DATA EXTRACT:

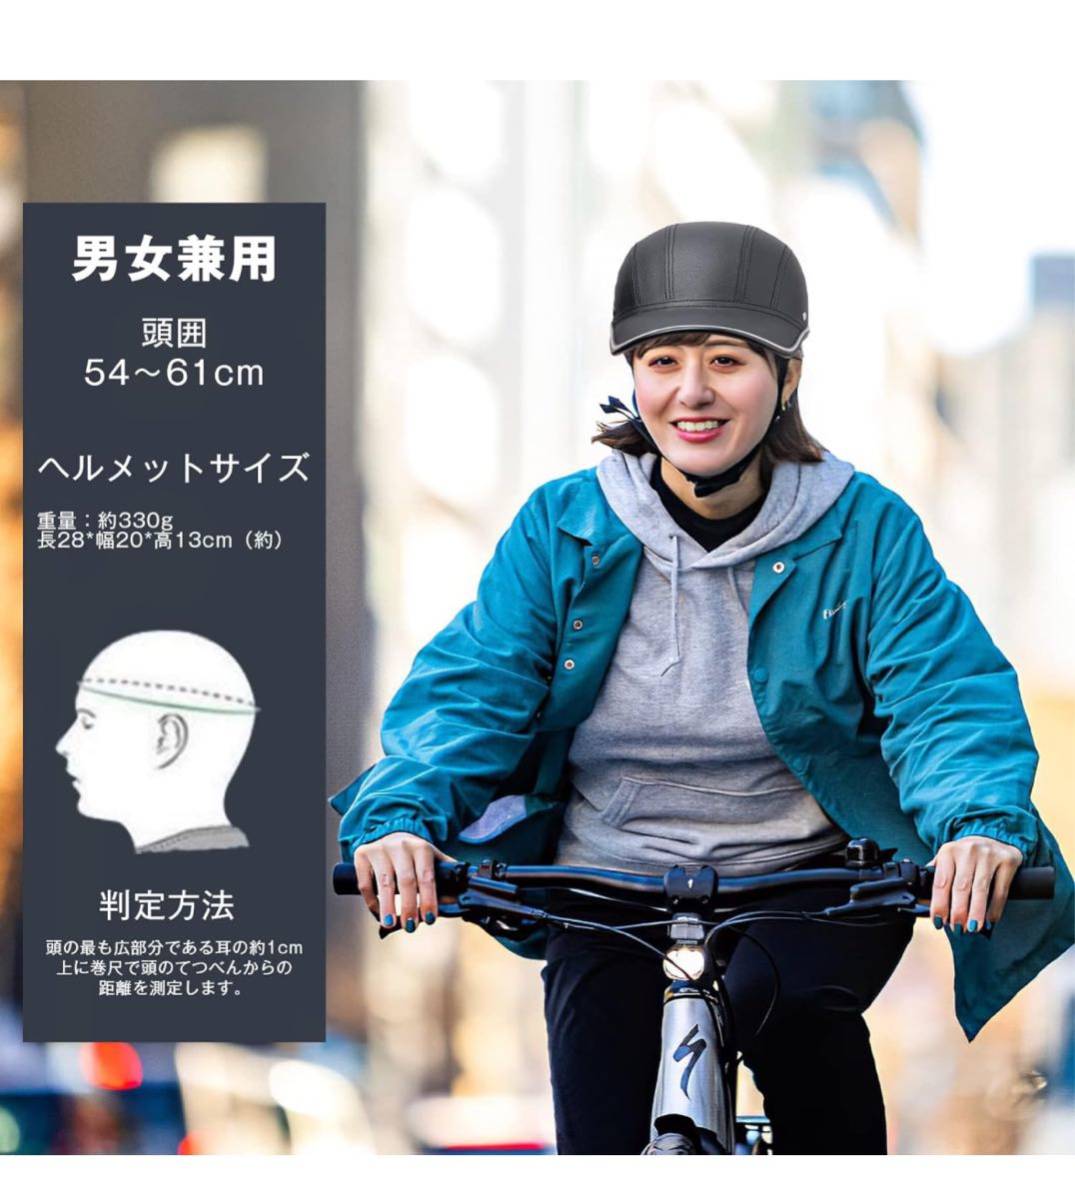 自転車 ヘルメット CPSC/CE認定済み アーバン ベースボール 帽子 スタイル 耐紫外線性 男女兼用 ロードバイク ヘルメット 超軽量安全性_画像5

--

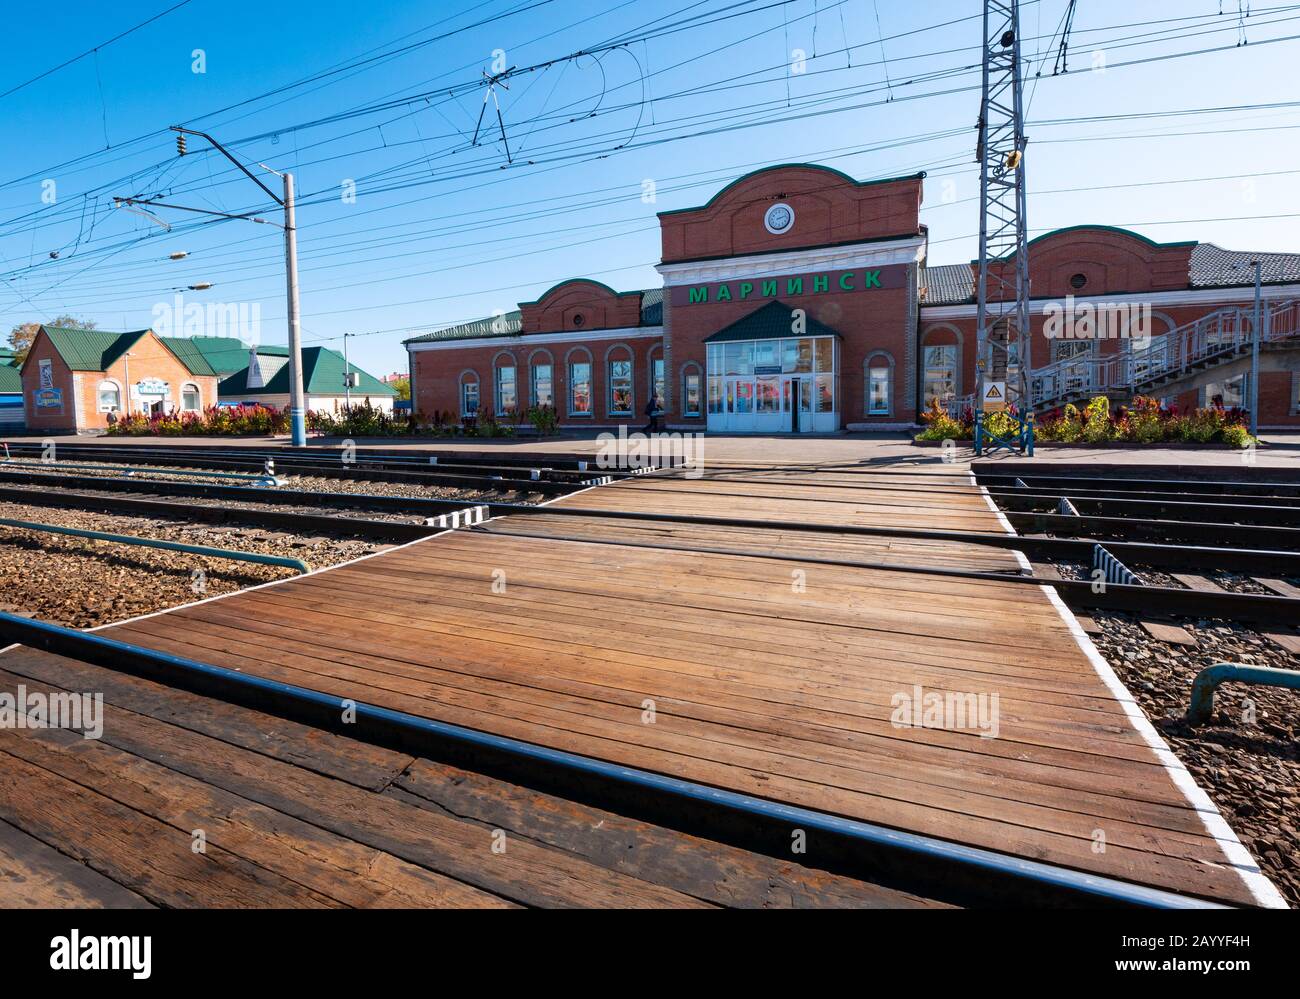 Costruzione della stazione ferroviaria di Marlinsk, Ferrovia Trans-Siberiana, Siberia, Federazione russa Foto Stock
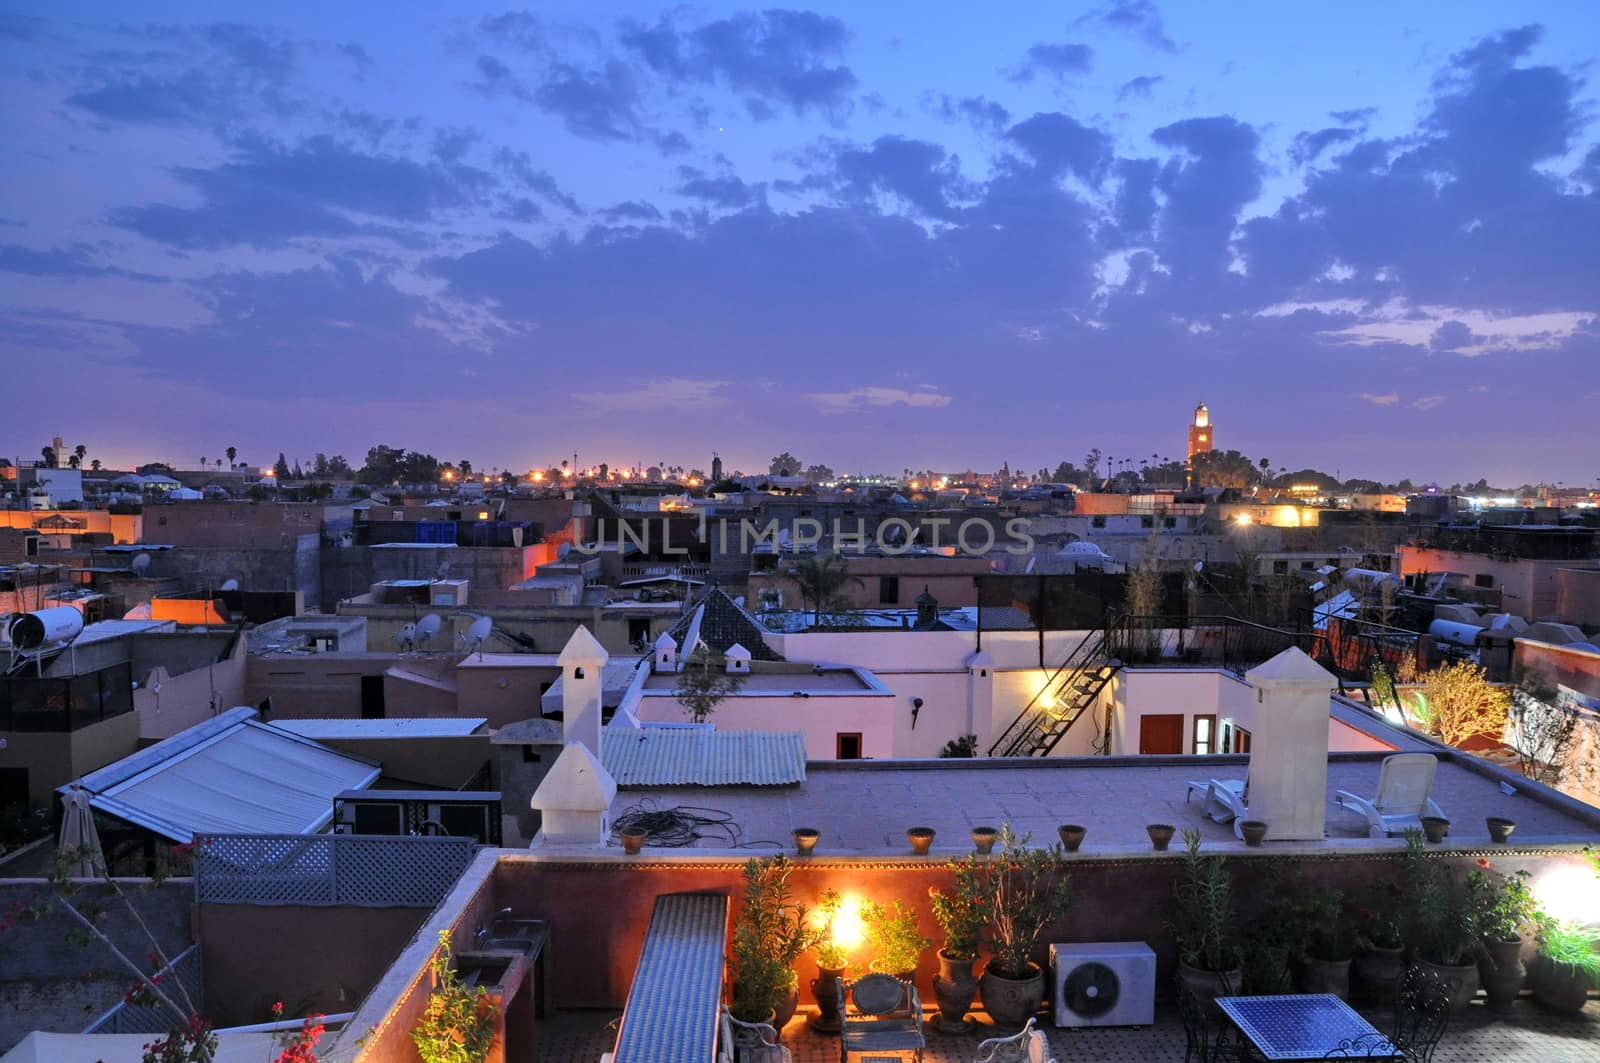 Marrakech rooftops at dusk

TASK PROMPT:
Using the data above, output the line that has "Costruzione della stazione", the line that has "Marrakech rooftops at dusk", and whatever lines fall between, each exactly as it stands and without pictures.

FINAL ANSWER:
 Costruzione della stazione ferroviaria di Marlinsk, Ferrovia Trans-Siberiana, Siberia, Federazione russa Foto Stock
 Marrakech rooftops at dusk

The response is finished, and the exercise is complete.